Violence in Iraq's Anbar province 'displaces 300,000'

Masked gunmen patrol Falluja (8 February 2014) Anbar Governor Ahmed al-Dulaimi gave the militants until the weekend to surrender

Up to 300,000 people have now been displaced by the fighting between Sunni militants and security forces in Iraq's western province of Anbar, the UN says.

Militants led by the jihadist Islamic State in Iraq and the Levant (Isis) took over parts of the cities of Falluja and Ramadi in late December.

Since then, troops and allied tribesmen have struggled to regain control.

The number displaced by the unrest is the highest since the peak of the sectarian insurgency from 2006 to 2008.

A further 1.1 million internally displaced people (IDPs) have still not returned to communities in Iraq wracked by violence since 2003.

'Sustained hardship'


The tourist village of Habbaniya, south-west of Falluja, was once a popular destination for the Iraqi elite during Saddam Hussein's rule. It has now turned into a refuge for those fleeing the fighting in Anbar.
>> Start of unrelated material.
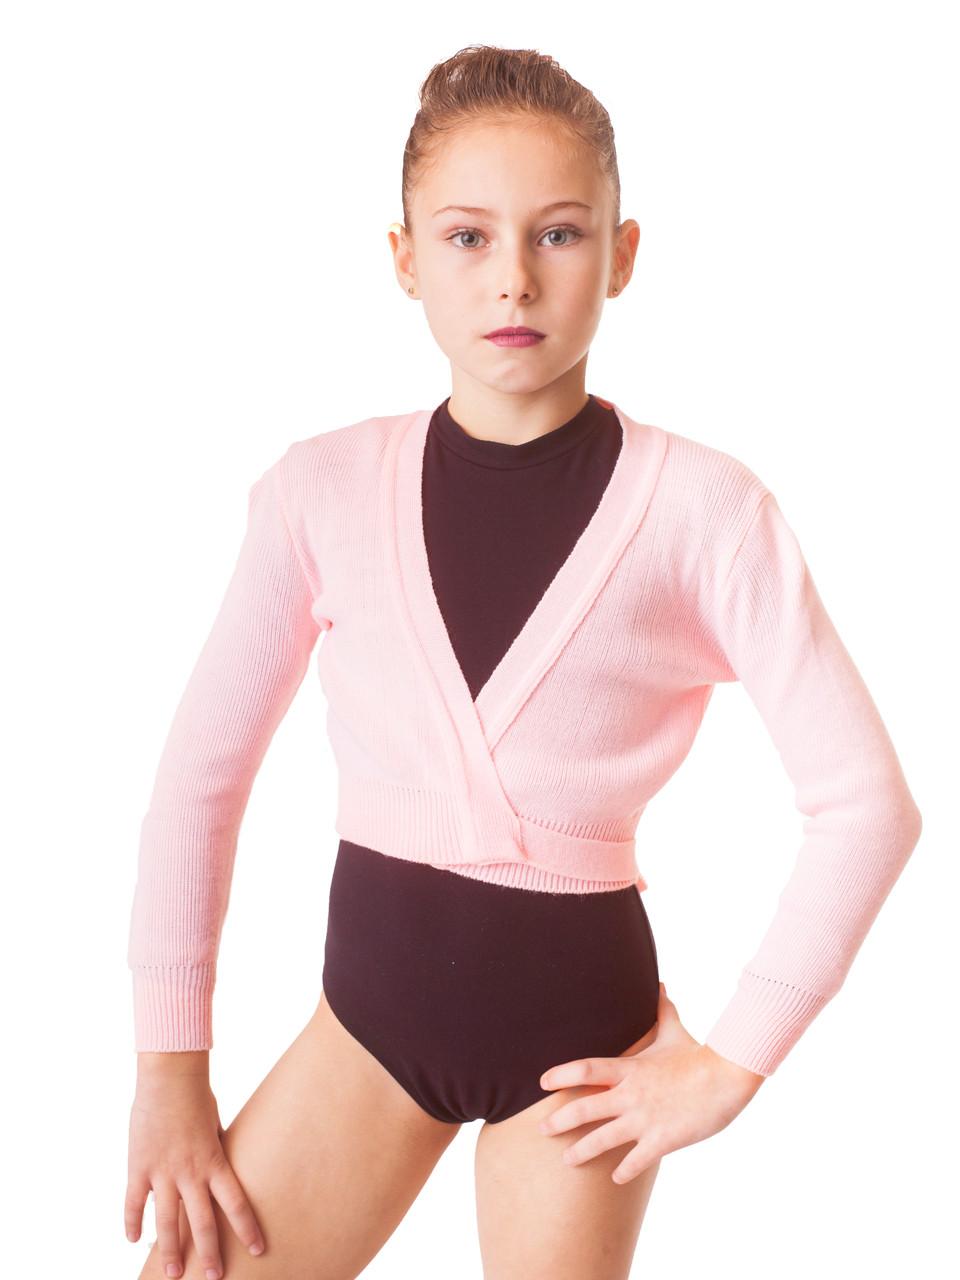 Детская разогревочная кофта Акрил Розовая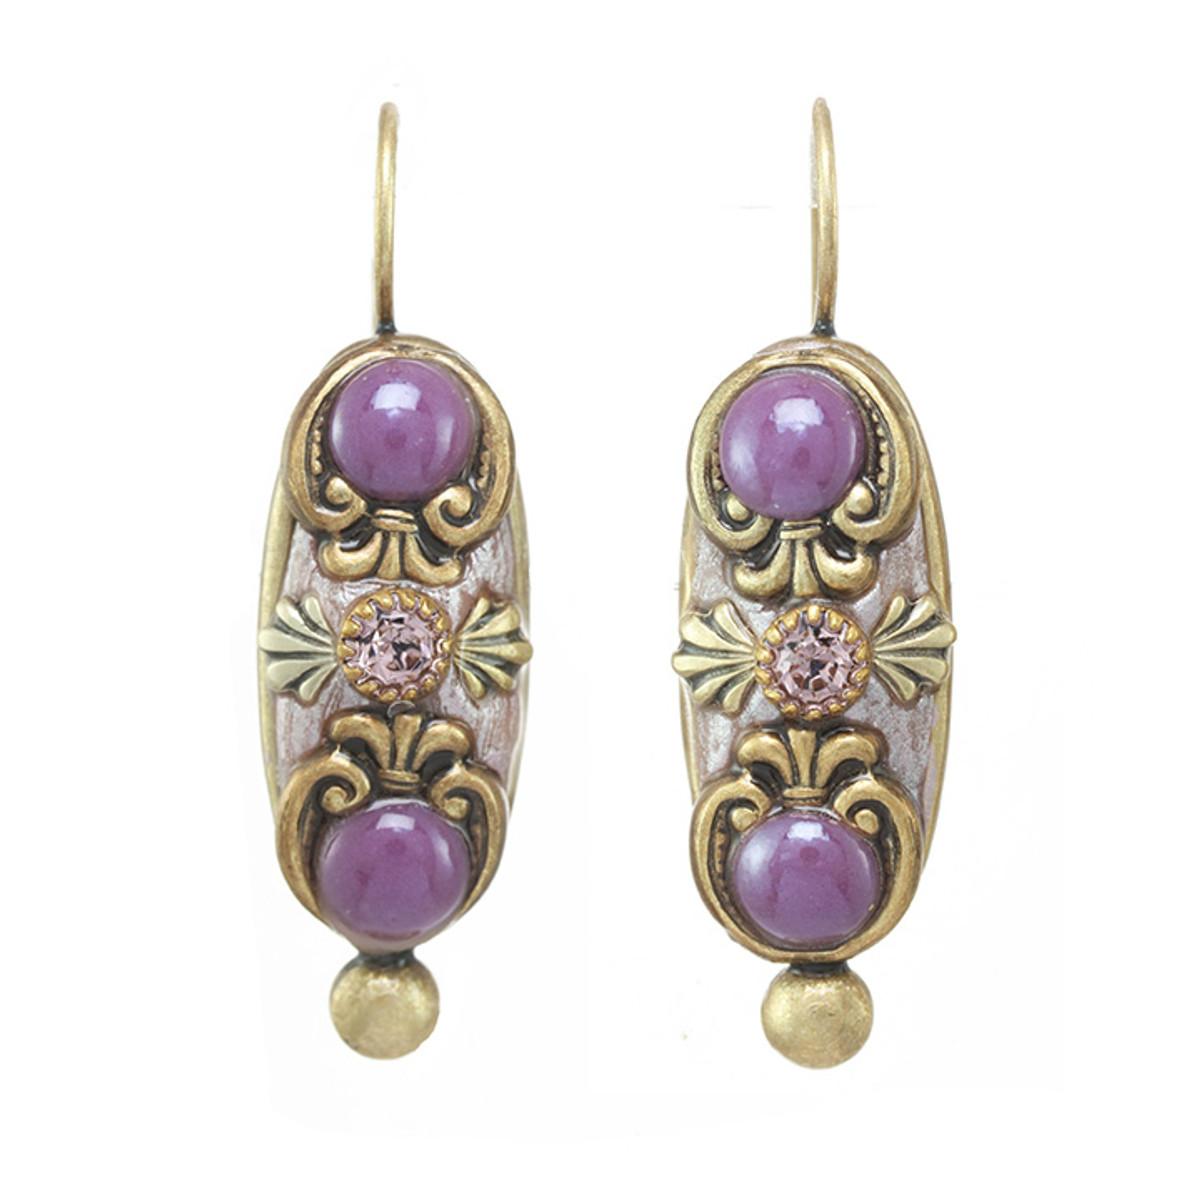 Michal Golan Michal Golan Lilac Long Oval Earrings

Inside the village's chalets and seven-story hotel are hundreds of families, crammed into rooms that lack adequate sanitation and other basic facilities.

In the absence of appropriate medical care due to the army's blockade of the area, skin diseases and viral and bacterial infections are spreading uncontrollably. Children and women are the most vulnerable, especially pregnant women who cannot get access to female doctors.

The main roads in and out of Fallujah and Ramadi are part of the battlefield as the army aims to secure supply routes for troops and tries to cut off militant groups.

The UN High Commissioner for Refugees (UNHCR) said some 50,000 families had fled their homes since clashes erupted in Ramadi and Falluja after security forces dismantled a long-standing anti-government protest camp led by the Sunni Arab community.

While security forces backed by pro-government tribesmen have made steady progress in retaking areas of Ramadi, they have not launched an offensive to recapture Falluja, fearing a repeat of the two bloody urban battles US troops fought in the city in 2004.

Over the weekend, Anbar Governor Ahmed al-Dulaimi gave the militants a week to surrender, but said officials would not negotiate with Isis.

"With the conflict in Anbar continuing UN agencies continue to receive reports of civilian casualties and sustained hardship in communities impacted by the fighting and the influx of internally displaced persons," said UNHCR spokeswoman Melissa Fleming.

Iraqi armoured vehicles and tanks in Ramadi (12 February 2014) Troops backed by pro-government tribesmen have made steady progress against militants in Ramadi

Most of the displaced had fled to outlying communities in Anbar province, while 60,000 had ended up in more distant provinces, she added. Many are living in schools, mosques and other public buildings and urgently needed humanitarian aid.

In Anbar, Ms Fleming said access remained a challenge, citing reports that a consignment of World Health Organisation (WHO) medical supplies had been detained at an Iraqi army checkpoint since 30 January.

Many bridges have also been destroyed and roads blocked.